Many of us are worried because of this. The American public, egged on by television pundits who need to create the kind of programming that draws audiences, has often fallen for the Karl Rove type of attack scheme. Obama is betting on intelligence.
It is going to fall to the blogs, the 527s and the more liberal tv folks (ie: Letterman, Olbermann, Maddow) to go after McCain and Palin and their distinctly questionable personal alliances and political ensnarlments.
The major look at McCain is going to be in his involvement with Charles Keating, with whom he was more certainly a “pal” than Obama ever was with William Ayers.
To that end, a website (funded by Obama’s campaign) called KeatingEconomics.com is putting up a complete video documentary at 12PM Eastern Time today (there is a preview there as I write this). To take a quote from the site’s background piece:
When the savings and loan industry collapsed, Keating’s failed company put taxpayers on the hook for $3.4 billion and more than 20,000 Americans lost their savings. John McCain was reprimanded by the bipartisan Senate Ethics Committee, but the ultimate cost of the crisis to American taxpayers reached more than $120 billion.
The Keating scandal is eerily similar to today’s credit crisis, where a lack of regulation and cozy relationships between the financial industry and Congress has allowed banks to make risky loans and profit by bending the rules. And in both cases, John McCain’s judgment and values have placed him on the wrong side of history.
And this is only one of many areas that McCain will be hit on the web. Wesley Clark’s look at McCain’s military record was hit by the Columbia Journalism Review last summer.

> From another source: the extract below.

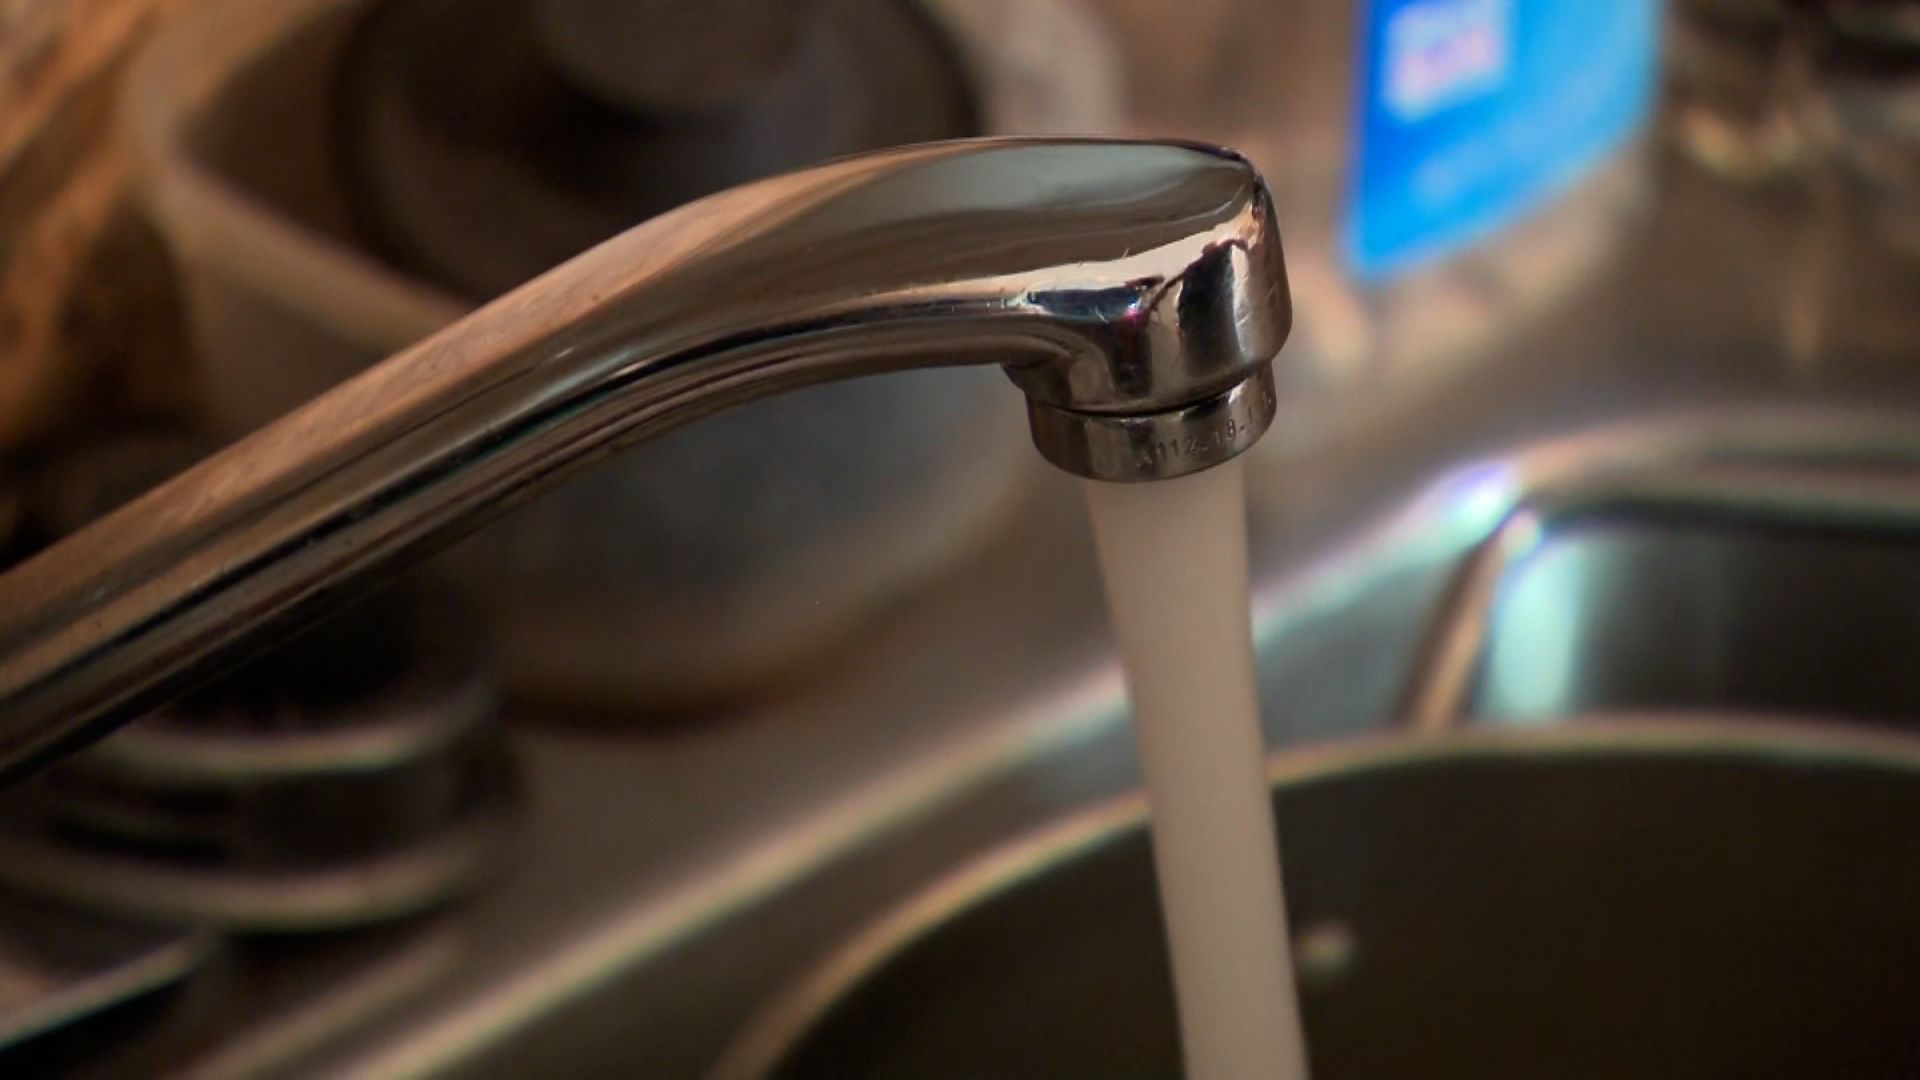 Water Woes Continue: E. Coli Traces Trigger Boil Water Advisory in Jackson, Mississippi
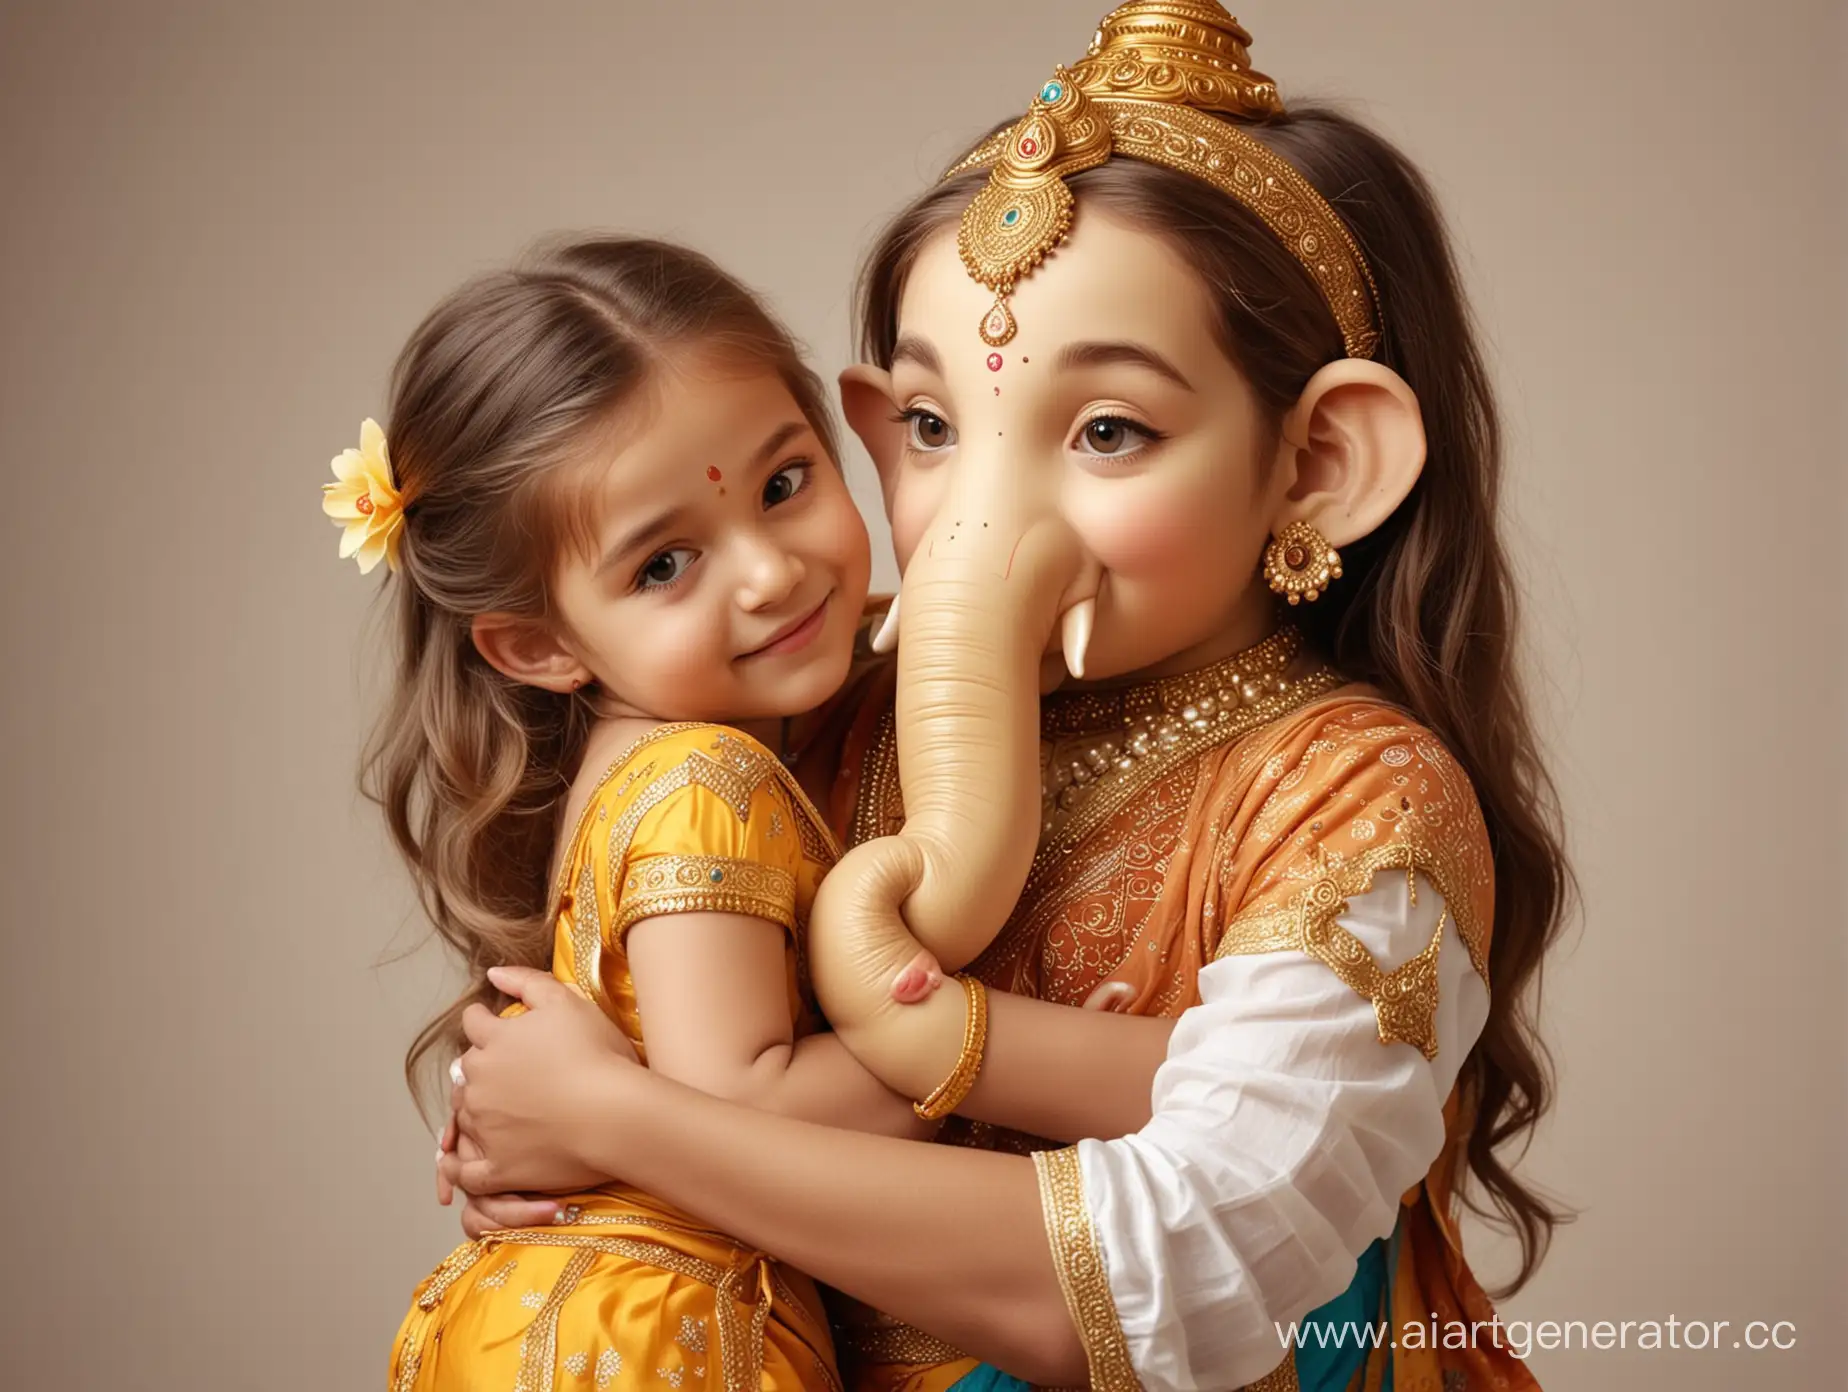 The girl hugs the happy Lord Ganesha from behind. Professional photo 4k

It’s crucially important that we have a political debate in this country that’s at least sophisticated enough to be able to handle the following rather basic idea: Arguing that a person’s record of military service is not a qualification for the presidency does not constitute “attacking” their military credentials; nor can it be described as invoking their military service against them, or as denying their record of war heroism.
Watch for this to come up again.
We’ll also likely see attacks leveled at McCain’s health, McCain’s crapshooting history, and more.
It will be up to Obama to keep the issues up front in the debates. McCain won’t be the one to do it. The McCain campaign telegraphed their intentions to attack Obama… and it will most likely be the decision that finally brings them a lost election.